Shown below are entries with pictures; the line with "100 Symbole in" through the line with "Meori® Small 15L" is the span to retype exactly, and the pictures stay out.

• [Input data]:
※
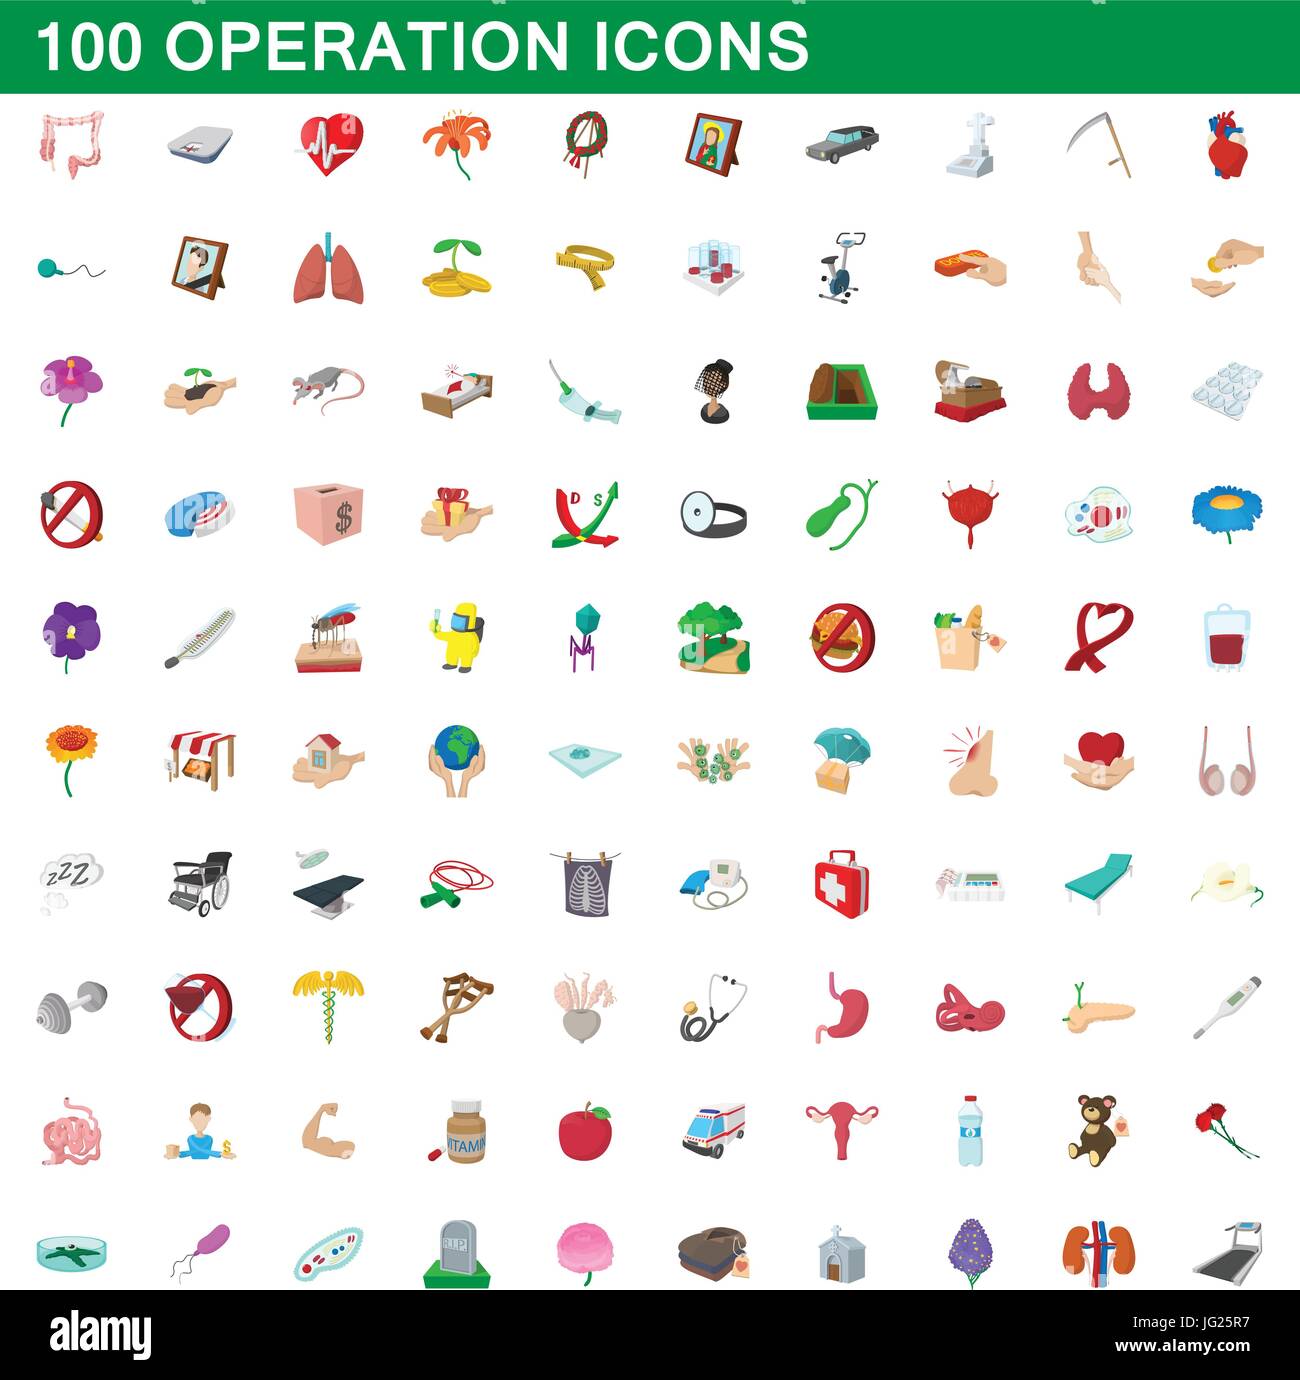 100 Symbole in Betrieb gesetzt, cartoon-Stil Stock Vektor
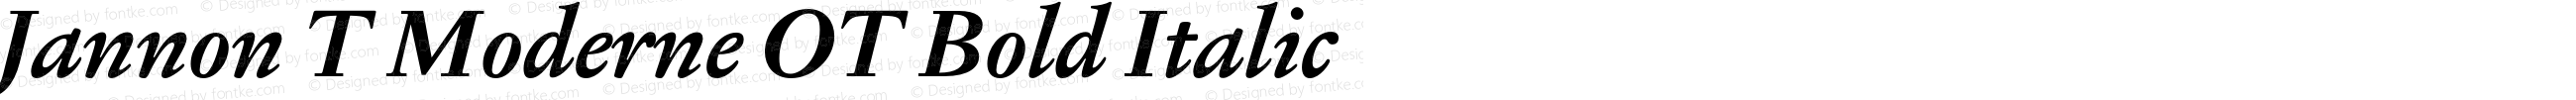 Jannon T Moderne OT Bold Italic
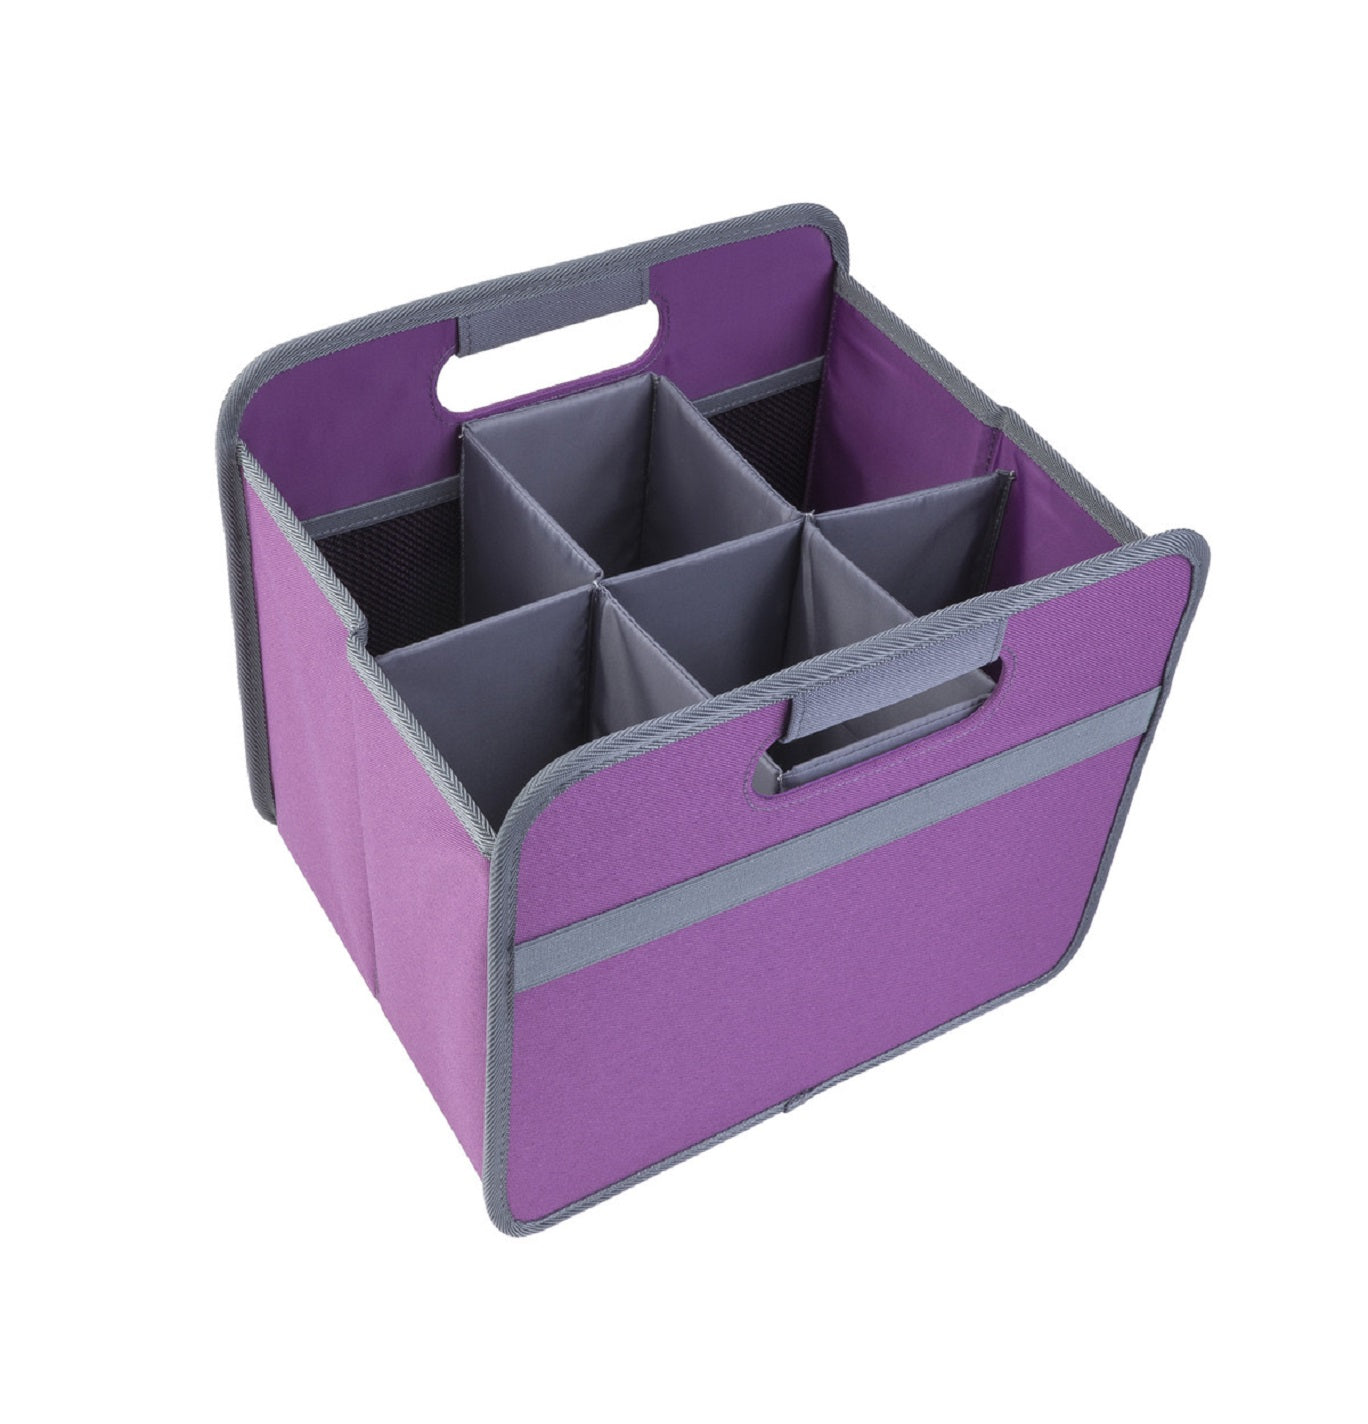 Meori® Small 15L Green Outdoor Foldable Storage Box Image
※
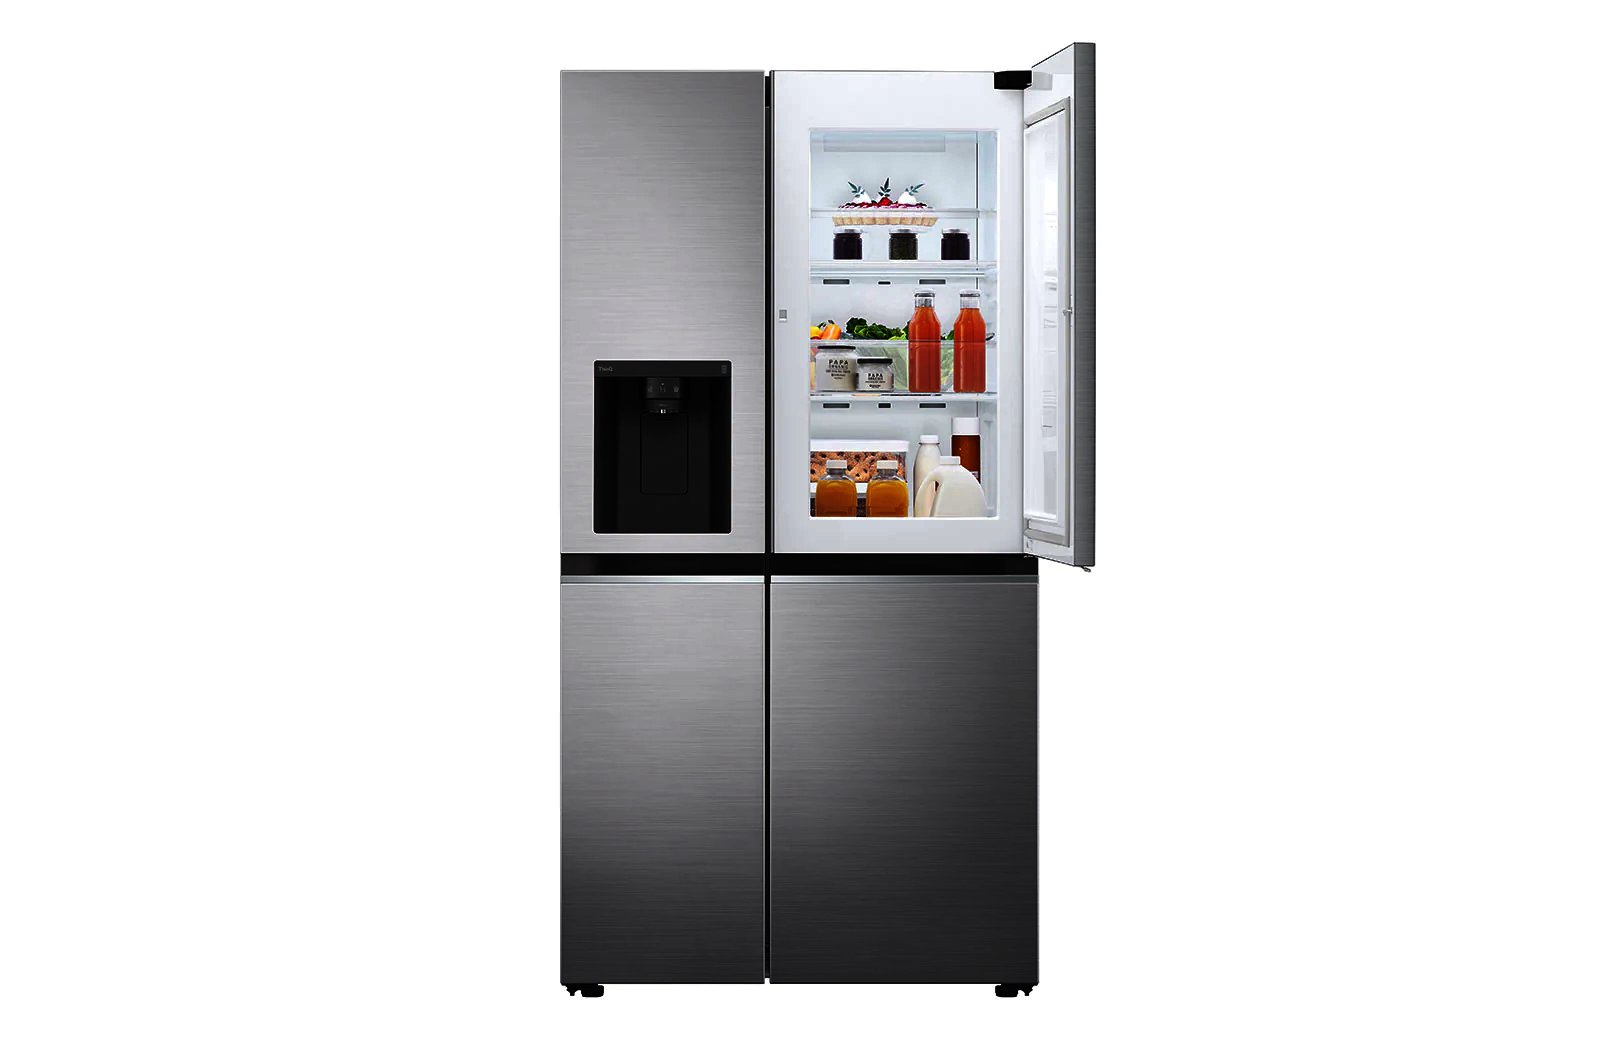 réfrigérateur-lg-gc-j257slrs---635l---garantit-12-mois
※
• [Task result]:
 100 Symbole in Betrieb gesetzt, cartoon-Stil Stock Vektor
 Jannon T Moderne OT Bold Italic
 Meori® Small 15L Green Outdoor Foldable Storage Box Image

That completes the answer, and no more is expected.